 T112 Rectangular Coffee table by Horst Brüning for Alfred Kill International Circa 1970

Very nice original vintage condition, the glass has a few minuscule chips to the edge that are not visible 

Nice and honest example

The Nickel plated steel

◇ ◇ ◇

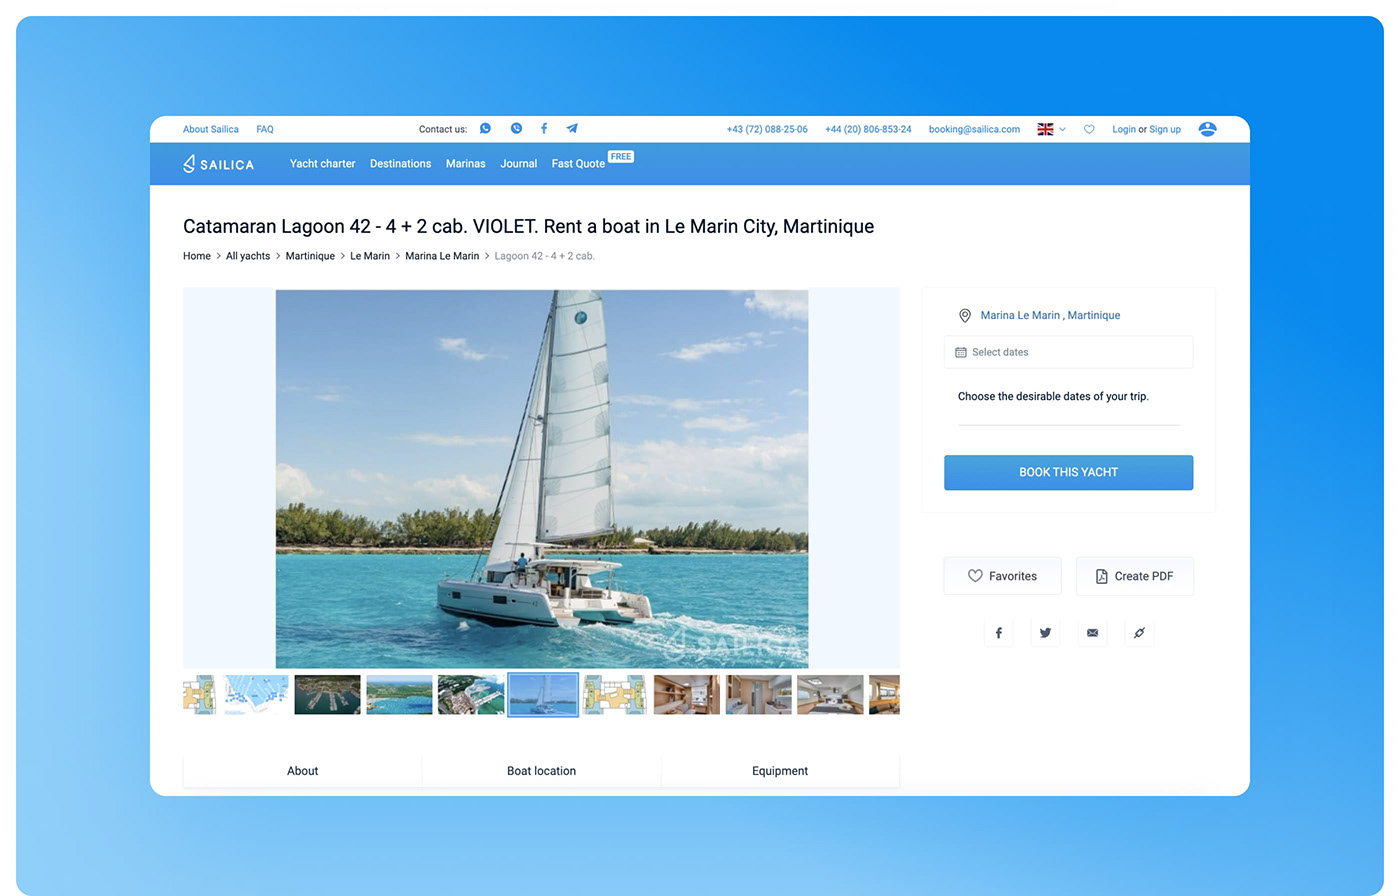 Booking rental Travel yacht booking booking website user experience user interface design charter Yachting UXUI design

◇ ◇ ◇

- [YOUR ASSIGNMENT]: Above are the entries. Output exactly the lines beginning with the line that has "T112 Rectangular Coffee" and ending with the line that has "The Nickel plated steel".

- [FINISHED TASK]:
 T112 Rectangular Coffee table by Horst Brüning for Alfred Kill International Circa 1970

Very nice original vintage condition, the glass has a few minuscule chips to the edge that are not visible 

Nice and honest example

The Nickel plated steel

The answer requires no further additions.